On April 17, 2017, the Company’s Board of Directors adopted the 2018 Employee Stock Purchase Plan (the “2018 ESPP”), which the Company’s stockholders approved on May 23, 2017. The 2018 ESPP will replace the Company’s current employee stock purchase plan, the Skechers U.S.A., Inc. 2008 Employee Stock Purchase Plan (the “2008 ESPP”), which expired pursuant to its terms on January 1, 2018. The 2018 Employee Stock Purchase Plan provides eligible employees of the Company and its subsidiaries with the opportunity to purchase shares of the Company’s Class A Common Stock at a purchase price equal to 85% of the Class A Common Stock’s fair market value on the first trading day or last trading day of each purchase period, whichever is lower.

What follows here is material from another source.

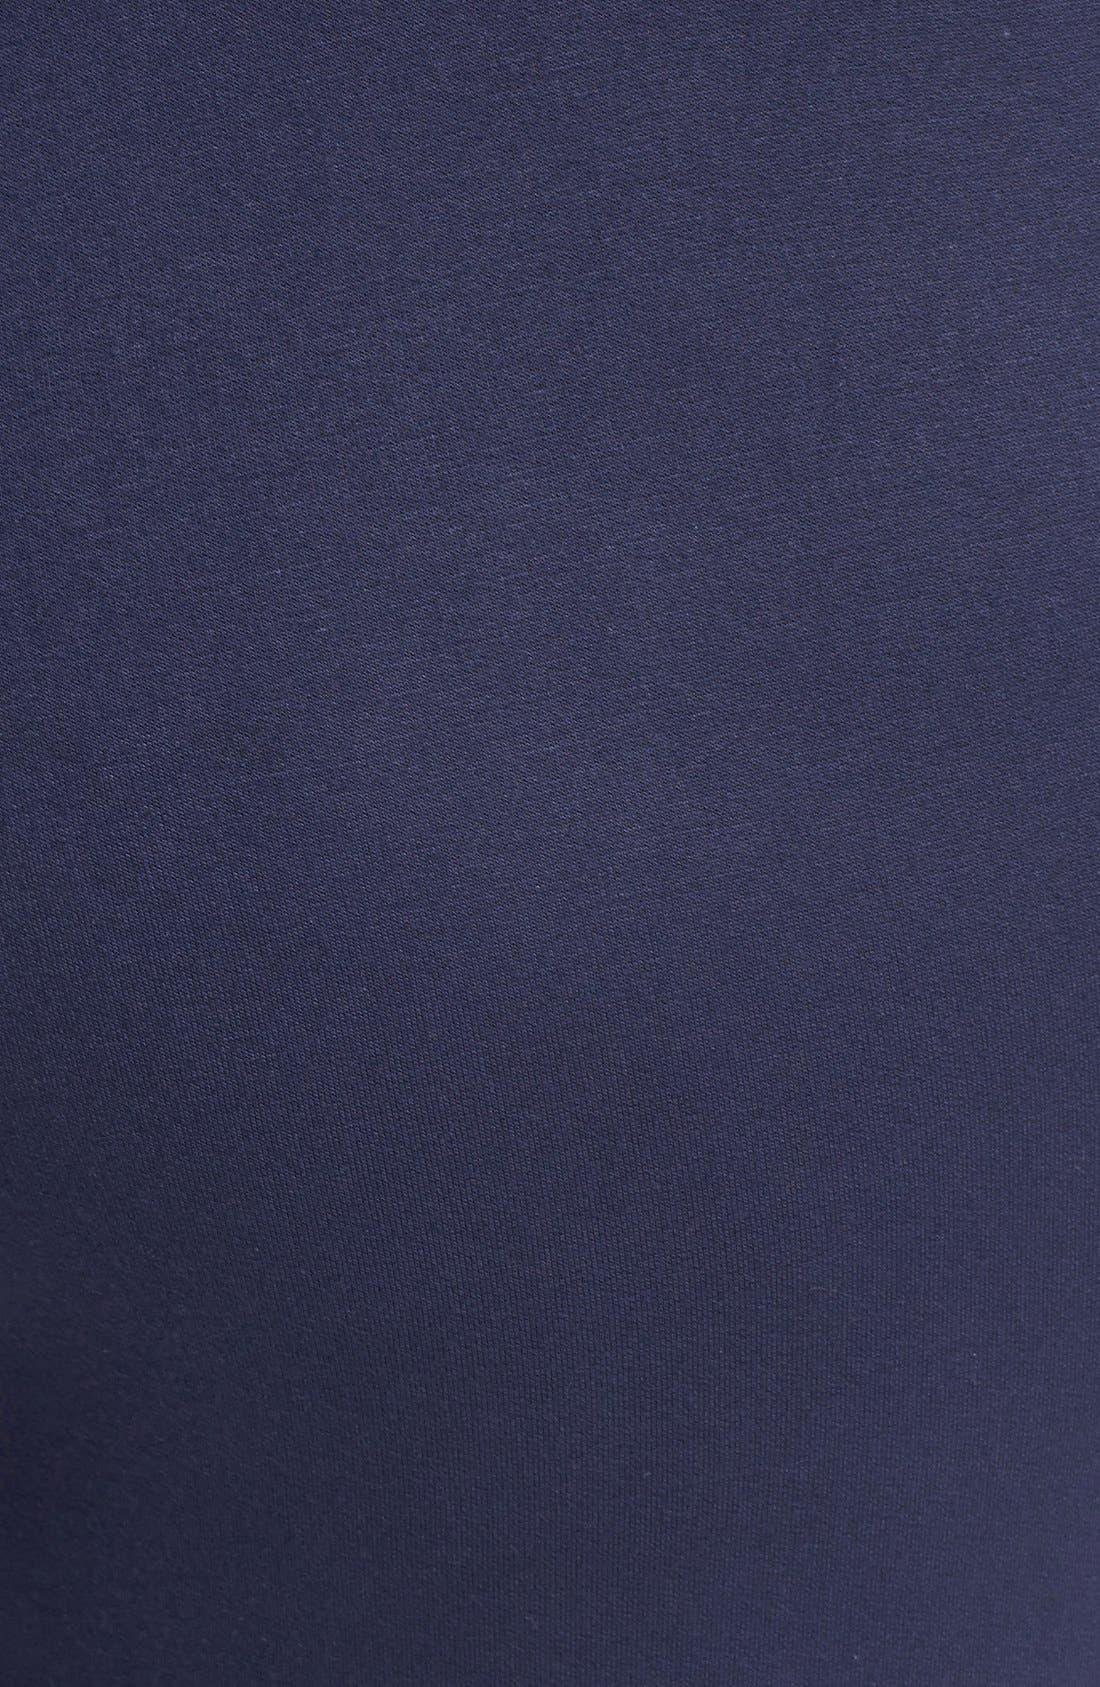 Alternate Image 3  - Shimera Ruched Waist Lounge Pants (Plus Size)

The 2018 ESPP generally provides for two six-month purchase periods every twelve months: June 1 through November 30 and December 1 through May 31, except that the initial purchase period under the 2018 ESPP will have a duration of five months, commencing on January 1, 2018 and ending on May 31, 2018. Eligible employees participating in the 2018 ESPP for a purchase period will be able to invest up to 15% of their compensation through payroll deductions during each purchase period. A total of 5,000,000 shares of Class A Common Stock will be available for sale under the 2018 ESPP.

During 2017, 2016 and 2015, 240,000 shares, 220,844 shares and 223,892 shares were issued under the 2008 ESPP for which the Company received approximately $5.5 million, $5.1 million and $4.3 million, respectively.